# [Problem requirements]
With the exception of the pictures, transcribe the entire listing exactly.

# [Recorded data]
↓↓↓
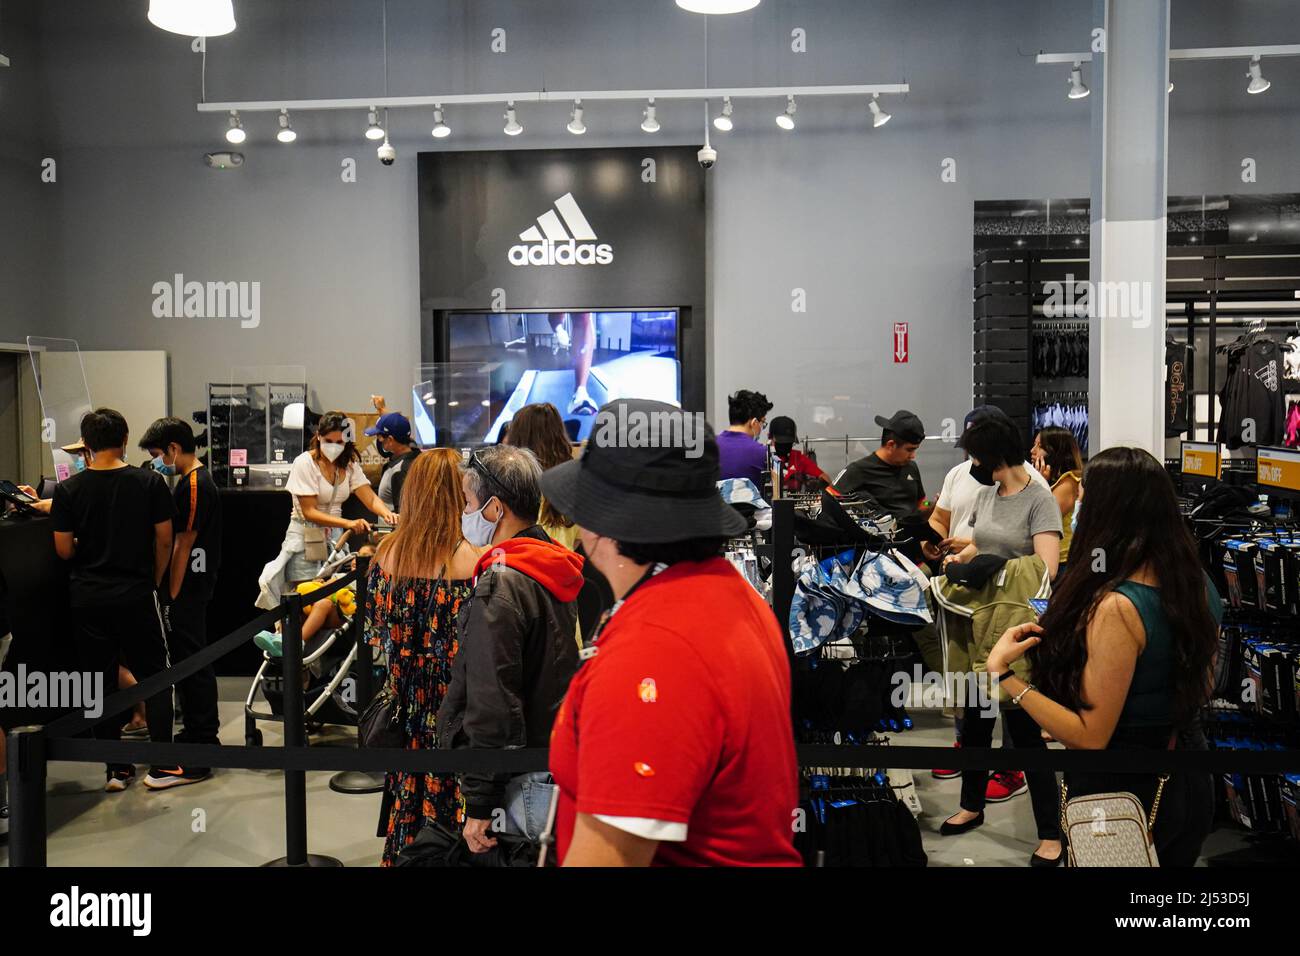 Les gens ont vu faire du shopping dans un magasin Adidas dans les magasins  d'usine d'Orange. Beaucoup de gens magasinent dans les magasins d'Orange,  pour des vêtements, des chaussures, des montres, des
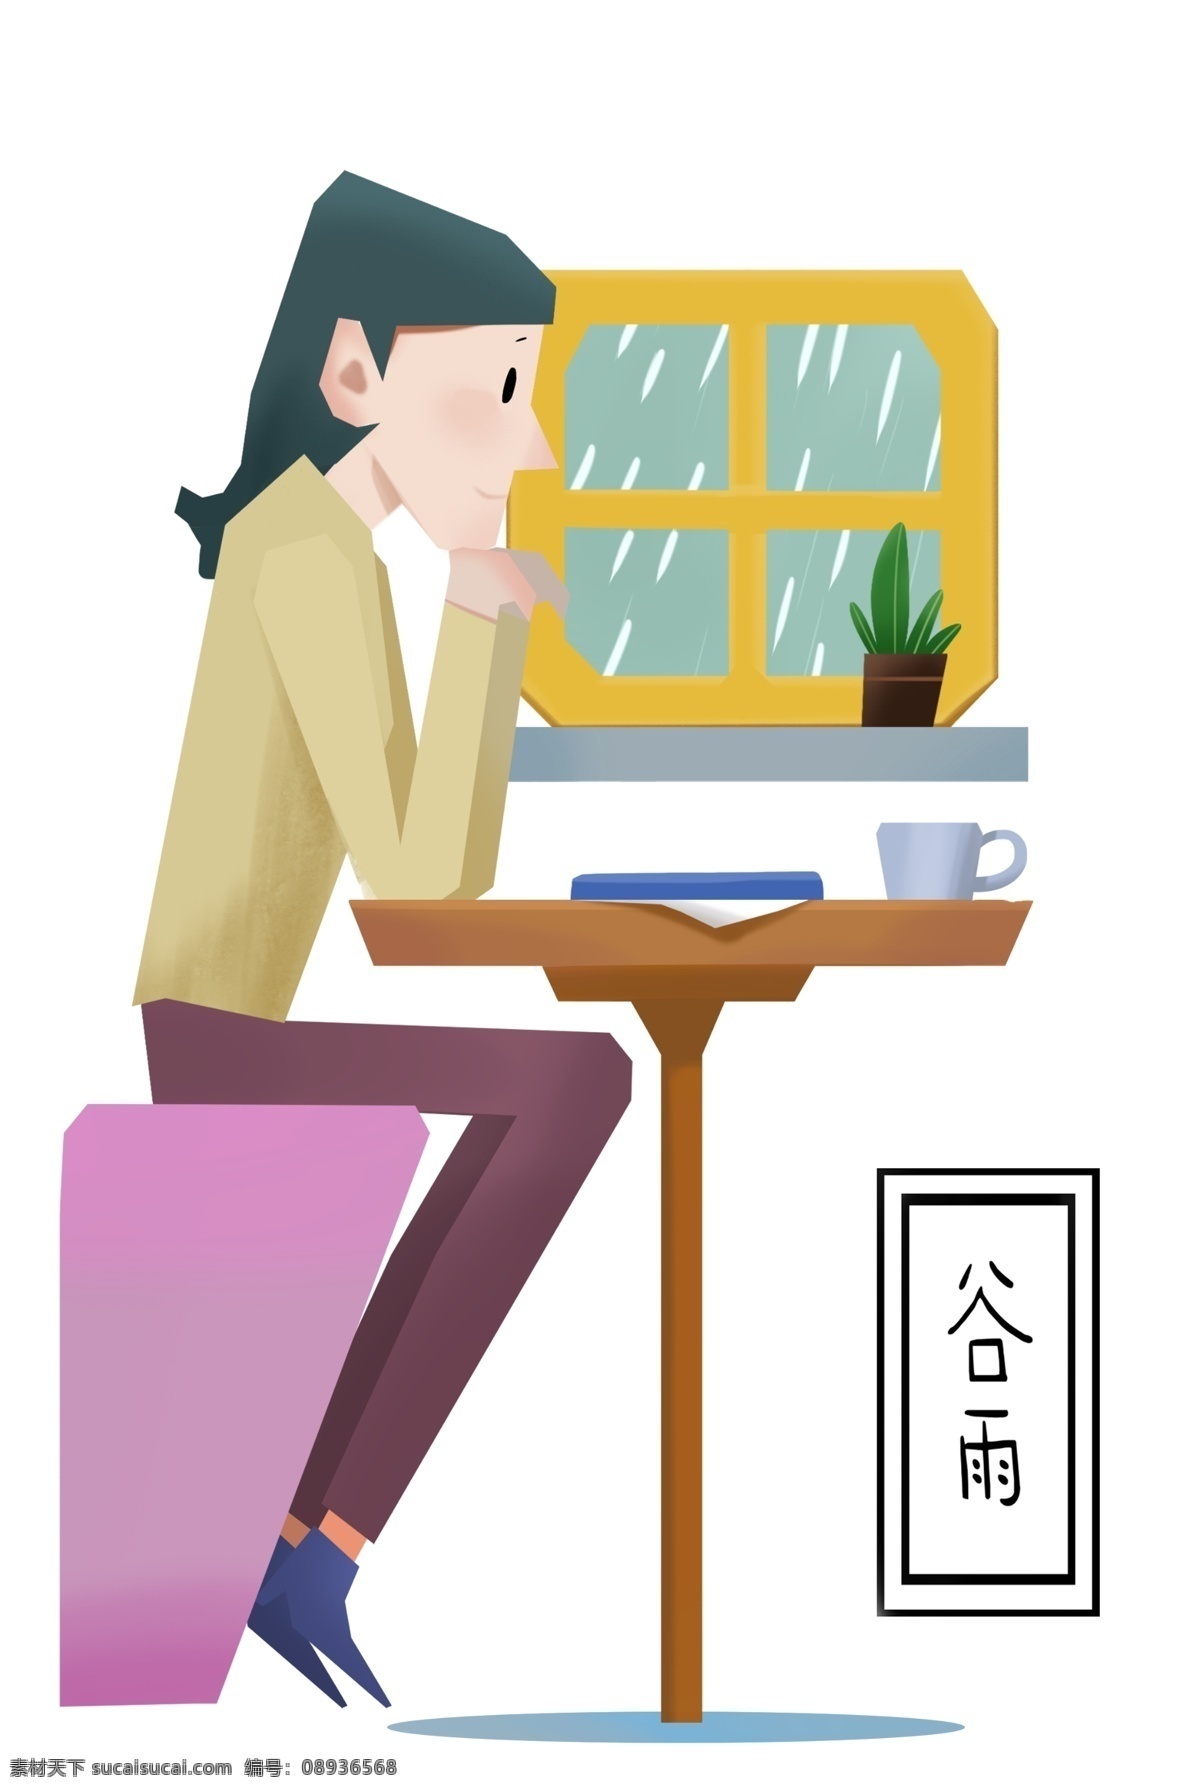 谷雨 女孩 咖啡厅 赏 雨 谷雨人物插画 下雨雨季节气 桌椅咖啡 植物盆栽 卡通的人物
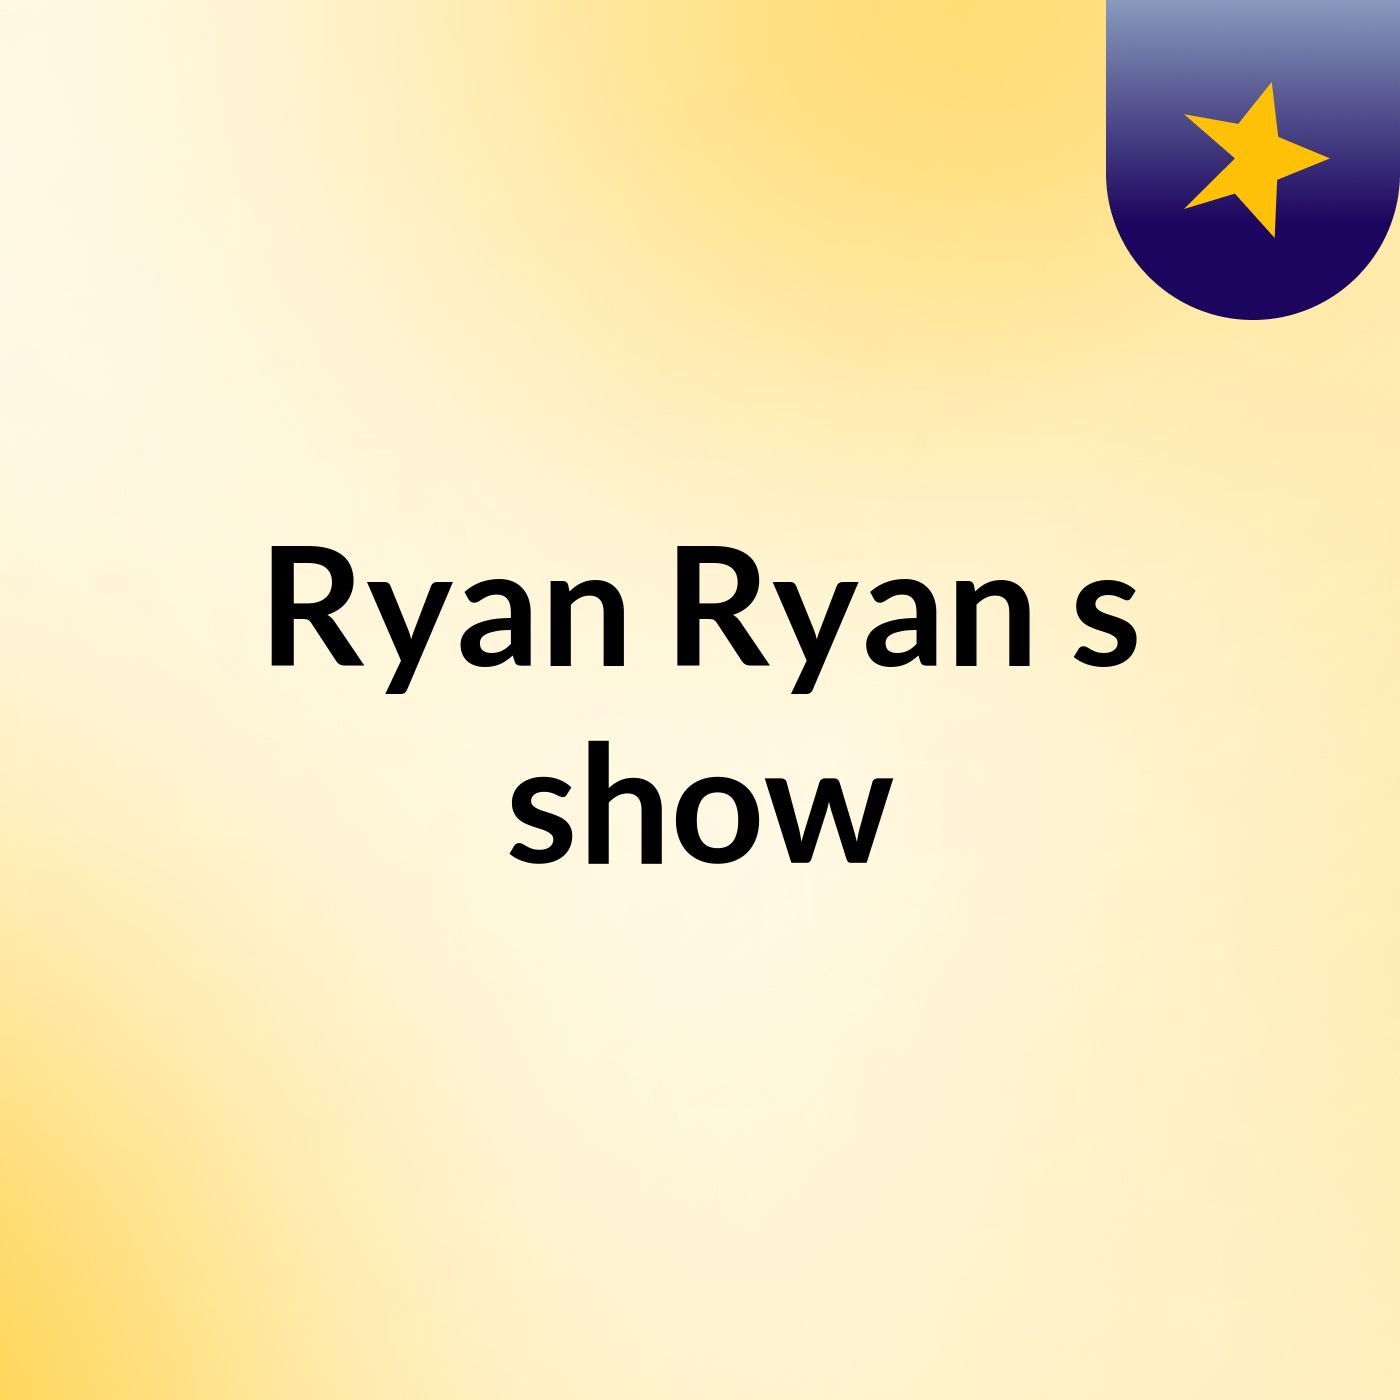 Ryan Ryan's show
↑↑↑
# [Solution for this task]
 Les gens ont vu faire du shopping dans un magasin Adidas dans les magasins  d'usine d'Orange. Beaucoup de gens magasinent dans les magasins d'Orange,  pour des vêtements, des chaussures, des montres, des
 谷雨 女孩 咖啡厅 赏 雨 谷雨人物插画 下雨雨季节气 桌椅咖啡 植物盆栽 卡通的人物
 Ryan Ryan's show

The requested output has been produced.